Locate "uxcell Uxcell ST5x30mm" in the data below, then output the line it is on and all following lines through the last, word for word. Skip any pictures.

↓↓↓

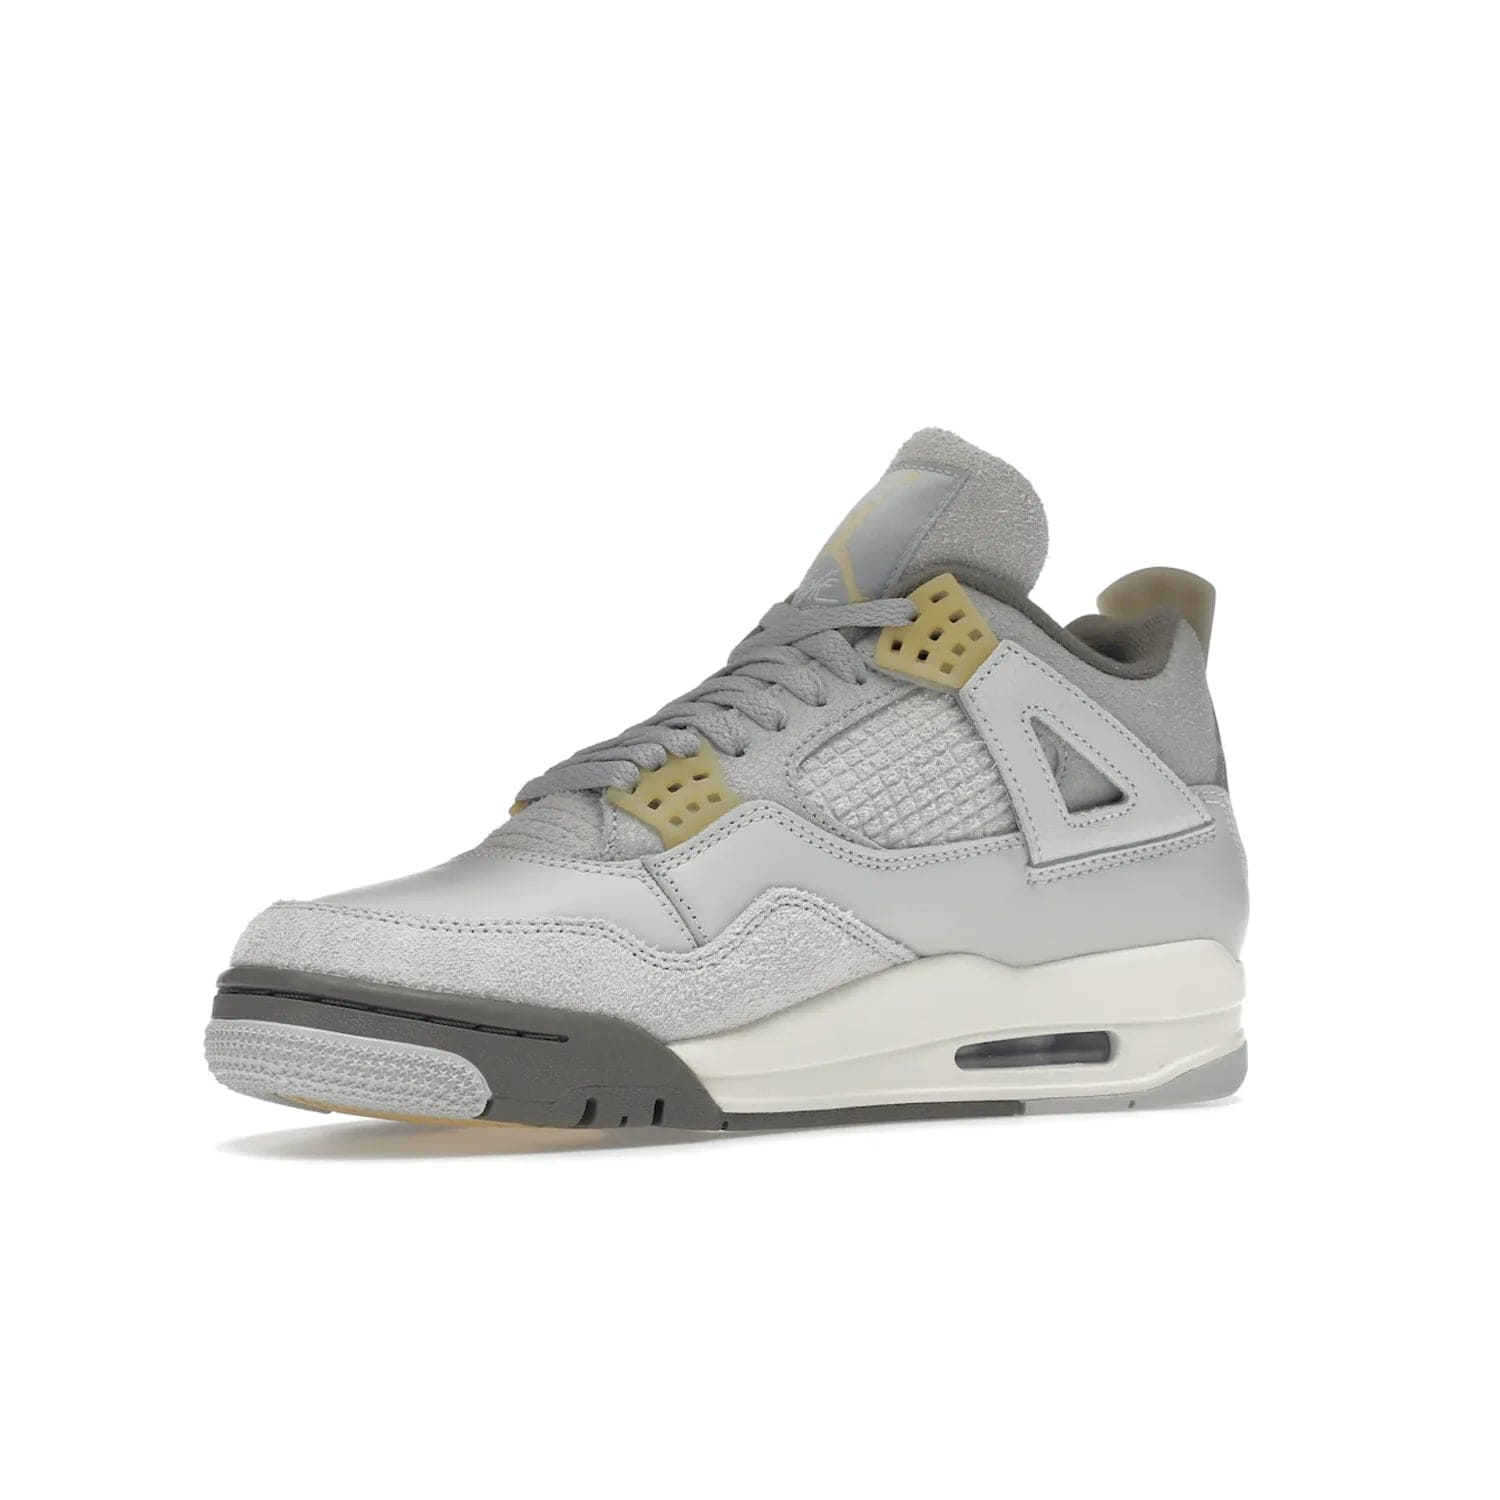 Jordan 4 Retro SE Craft Photon Dust - Image 16 - Only at www.BallersClubKickz.com - Upgrade your shoe collection with the Air Jordan 4 Retro SE Craft Photon Dust. This luxurious sneaker features a combination of suede and leather with unique grey tones like Photon Dust, Pale Vanilla, Off White, Grey Fog, Flat Pewter, and Sail. Available February 11, 2023.
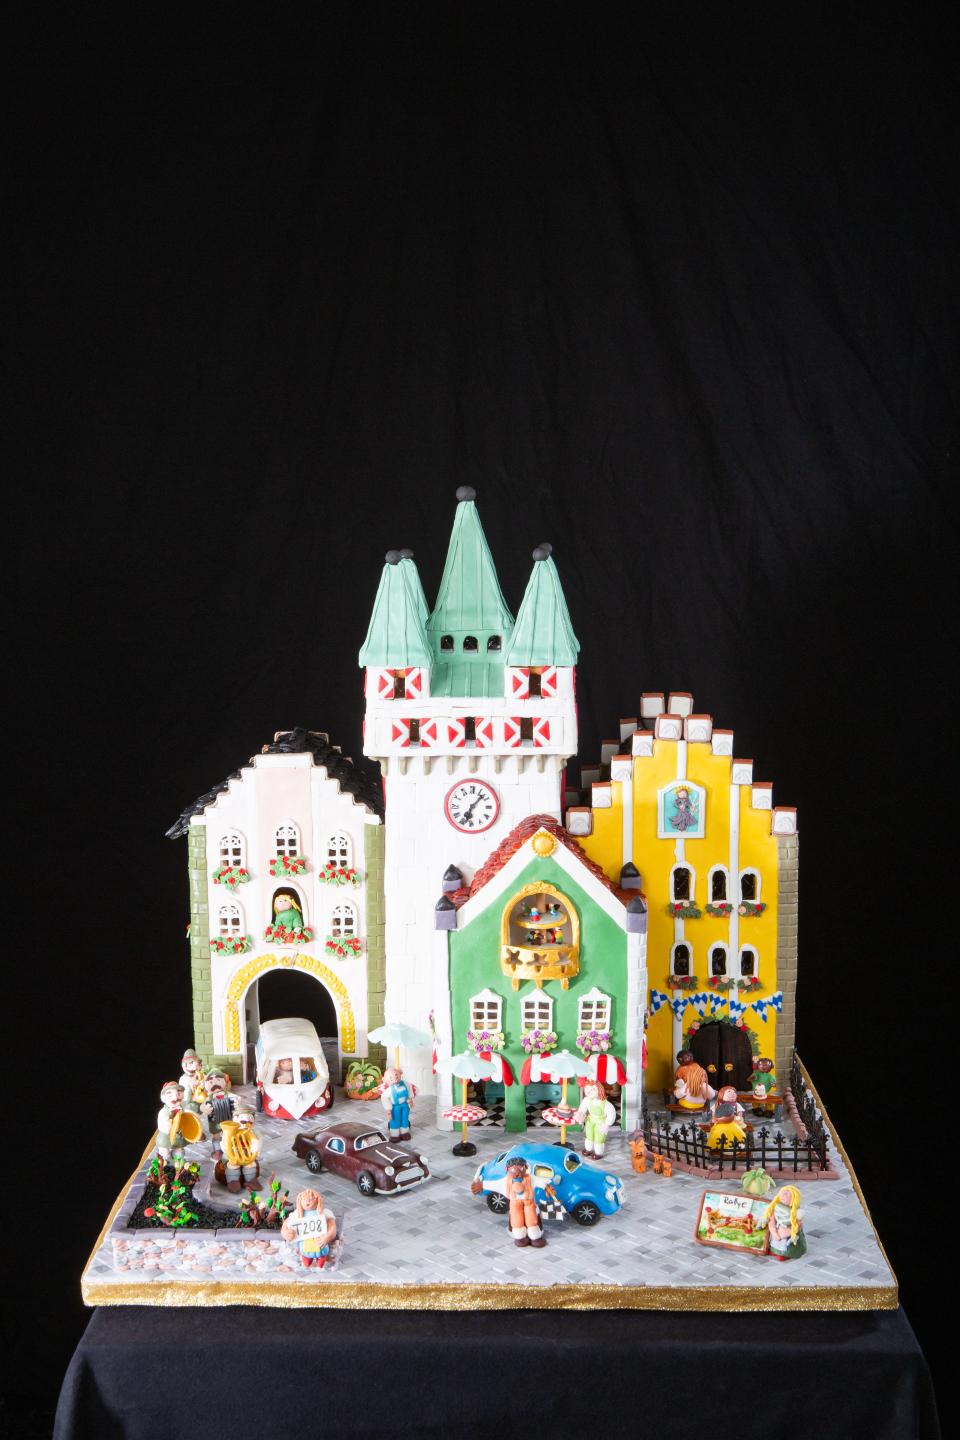 Courtland High School German Program, of Spotsylvania, Virginia, won first place in the Teen division for “Vintage Voyage” at the 31st annual National Gingerbread House Competition.
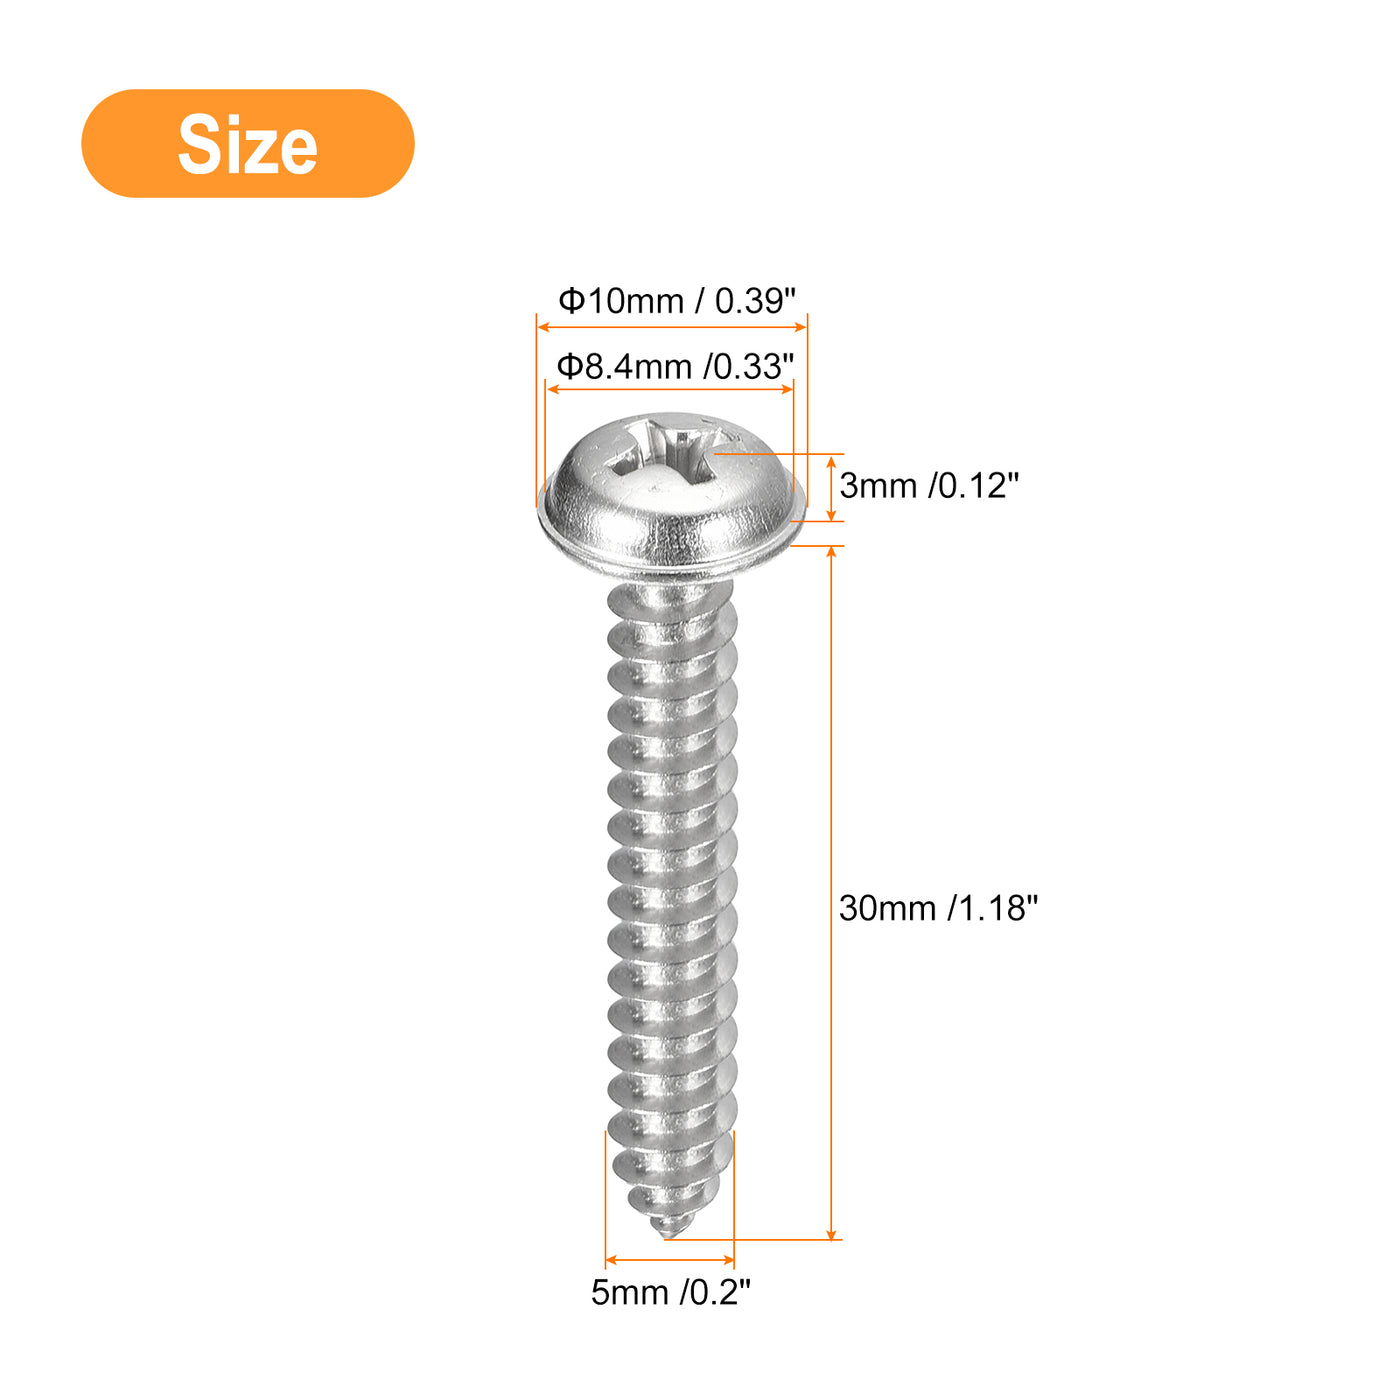 uxcell Uxcell ST5x30mm Phillips Pan Head Self-tapping Screw with Washer, 50pcs - 304 Stainless Steel Wood Screw Full Thread (Silver)
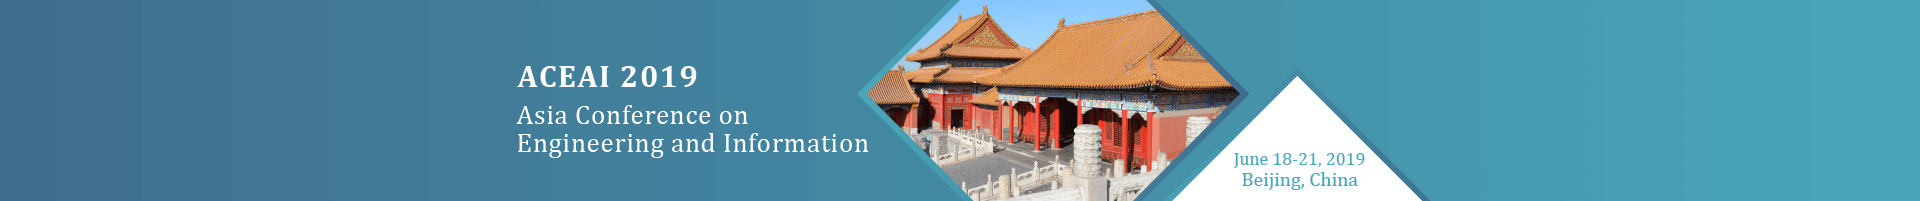 2019 ACEAI  Asia Conference on Engineering and Information, Beijing, China
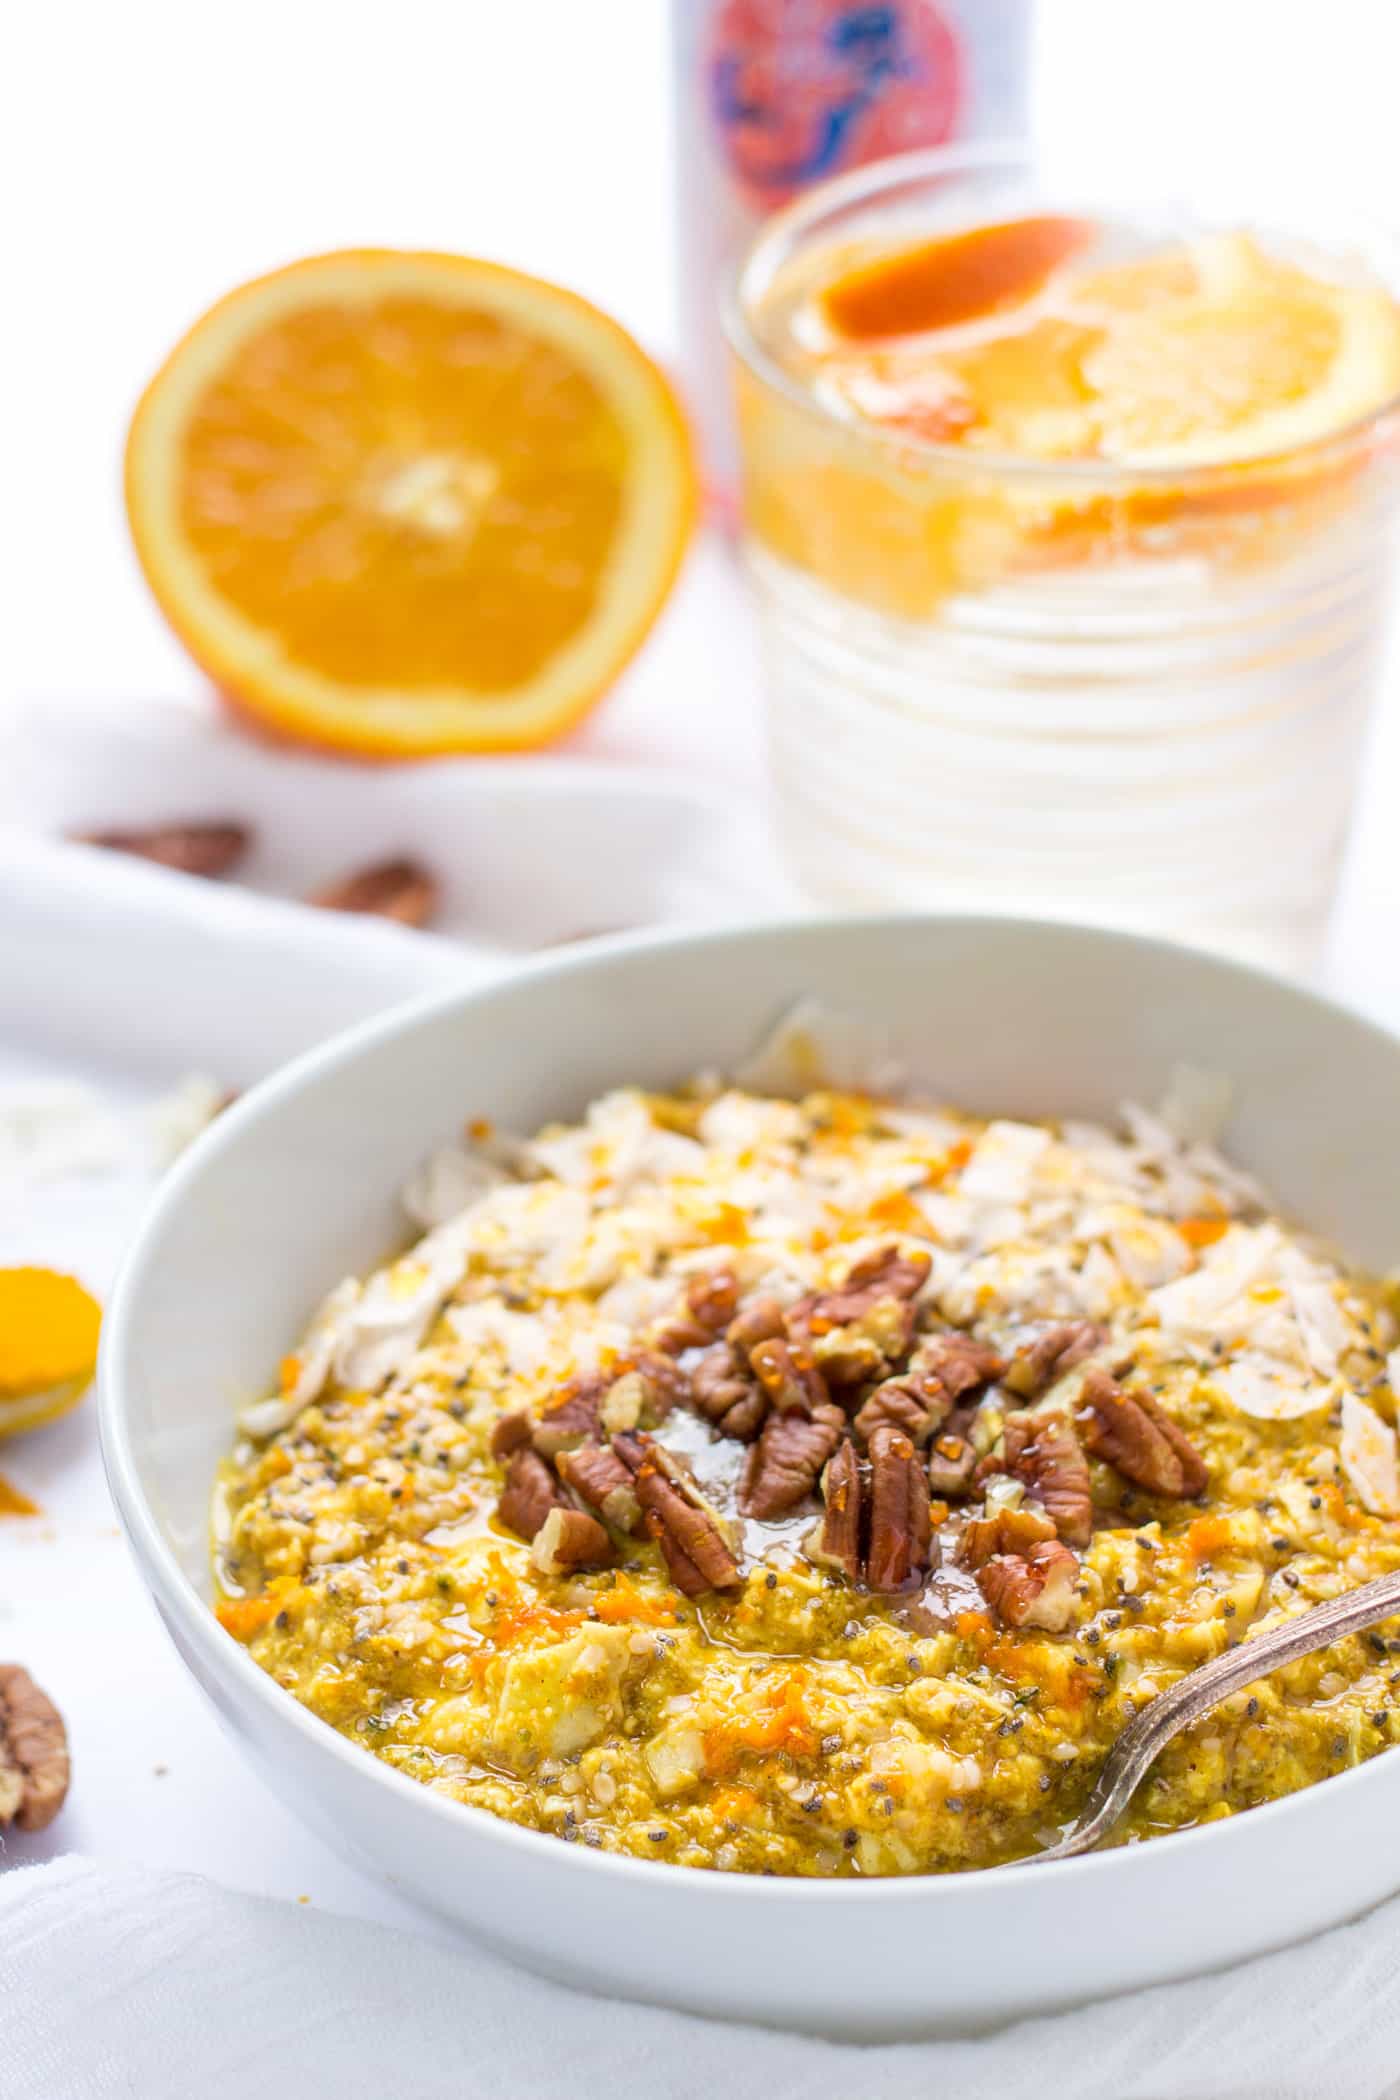 Overnight Quinoa flavored with orange and turmeric will help fight inflammation and energize your day!

↑↑↑

### TASK ANSWER
 uxcell Uxcell ST5x30mm Phillips Pan Head Self-tapping Screw with Washer, 50pcs - 304 Stainless Steel Wood Screw Full Thread (Silver)
 2019 ACEAI  Asia Conference on Engineering and Information, Beijing, China
 Overnight Quinoa flavored with orange and turmeric will help fight inflammation and energize your day!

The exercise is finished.